Spirit Shaman was thus removed as a selectable option because we currently are not sure if this ability can be fixed and, if it can't, what we will replace it with. It was, however, agreed that the default of failure to come to an agreement-- that is, Recall Spirit remains as currently implemented-- was not appropriate for live play, and that the probability of such a circumstance in ALFA was relatively high.

Eldritch Knights
The Eldritch Knight class is currently flagged as "yellow" to review the prestige class' requirements. The most likely change is to be to change the requirement from "Martial weapon proficiency" to "One level in a character class which provides martial weapon proficiency."

Cleric
The cleric class is too powerful in the implementation of Domains, Domain Powers, and Domain Spells. Currently, no domain spell list conforms to canon, only one (war) domain power conforms to canon, and some domains (such as fury) have no basis in canon. In addition, many cleric spells (such as Protection from Evil, Death Ward, and Remove Disease) err on the side of greater power than by original design, and players of clerics should be aware of their potential future changes, as these may hamper current common strategies.

Favored Souls
Favored Souls suffer from many of the problems that Clerics do, due to the lazy implementation of some spells toward the more powerful, though they are magnified in that the available spells per day is significantly higher, and those spells which lean toward the too-powerful are also the "core" spells that clerics are likely to prepare, and Favored Souls are likely to know.

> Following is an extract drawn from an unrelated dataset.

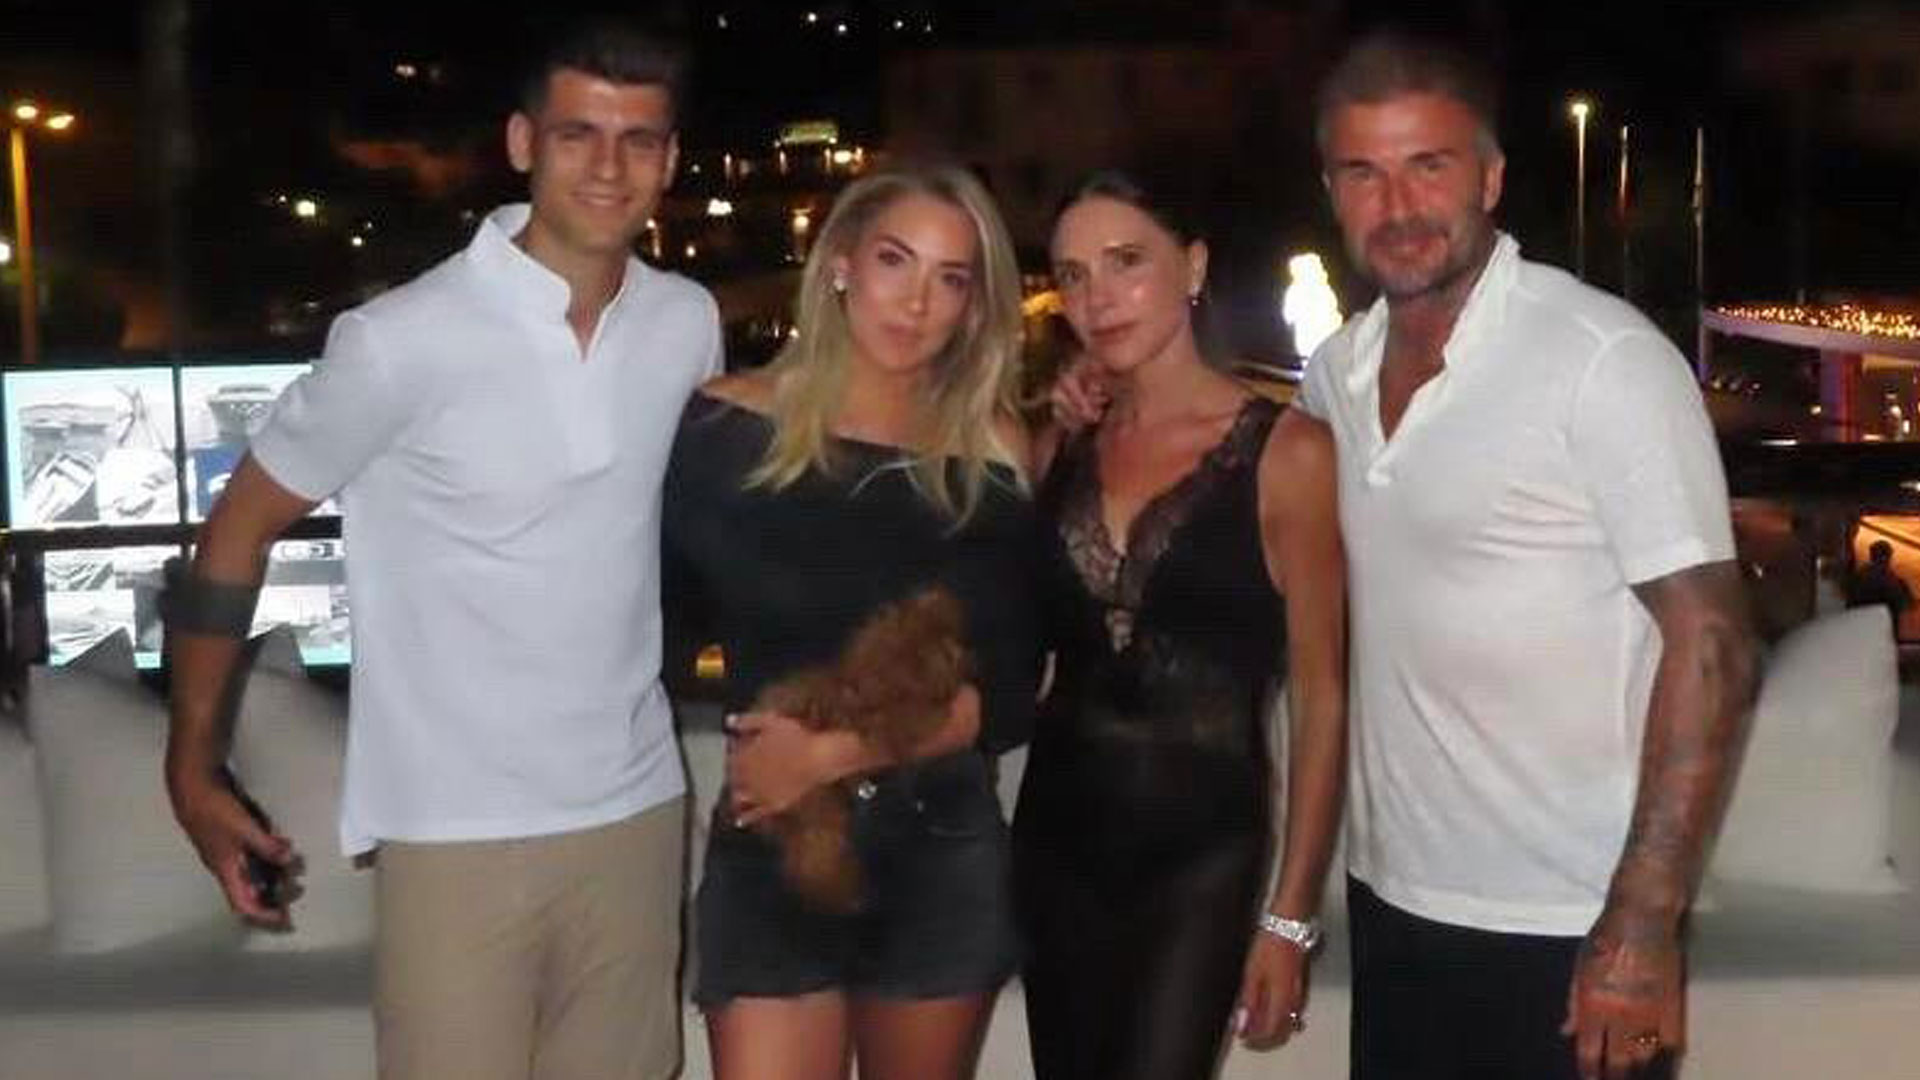 Morata and his Wag have ‘beautiful night’ with England icon Beckham and wife Victoria – and Danny Drinkwater approves [Video]

In addition, there is the curious and non-canonical addition of a haste spell-like ability, which replaces wings and flight listed in Complete Divine. This ability does not present a ready solution, as flight is not a very-plausible mechanic for ALFA to include, and it may simply be removed. Finally, a quirk of weapon proficiencies in Neverwinter Nights 2 can result in curiously-equipped Favored Souls. Though the two we have in play do not suffer from this, due to the particular nature of their builds and deities, it would theoretically be possible for a Mystran Favored Soul to wield a bastard sword, which would be seen as undesirable behavior and a bug in need of fixing.

Stormlords, Warpriests
Stormlords and Warpriests are under review because it is uncertain how complete cleric fixes will be or can be; it is, thus, uncertain what we wish to do with cleric-targeted prestige classes.

The Grandfather Clause
The decision to create and press a Grandfather Clause was seen as the most ethical way to eventually remove warlocks from play. If no new warlocks can be made, we can rely on the usual means of character attrition to eventually clear play of the class, and in so doing we do not rob any given player of a character of significant personal investment. In addition, these bans are not seen as permanent or unconquerable; if enough problems with a given class are resolved to re-open a class, it would seem exceptionally cruel to those players who had been forced to give up their characters now.

While it is noted that this does not have the immediate results that might be desired in light of the above, the grandfather clause was agreed as the least of evils.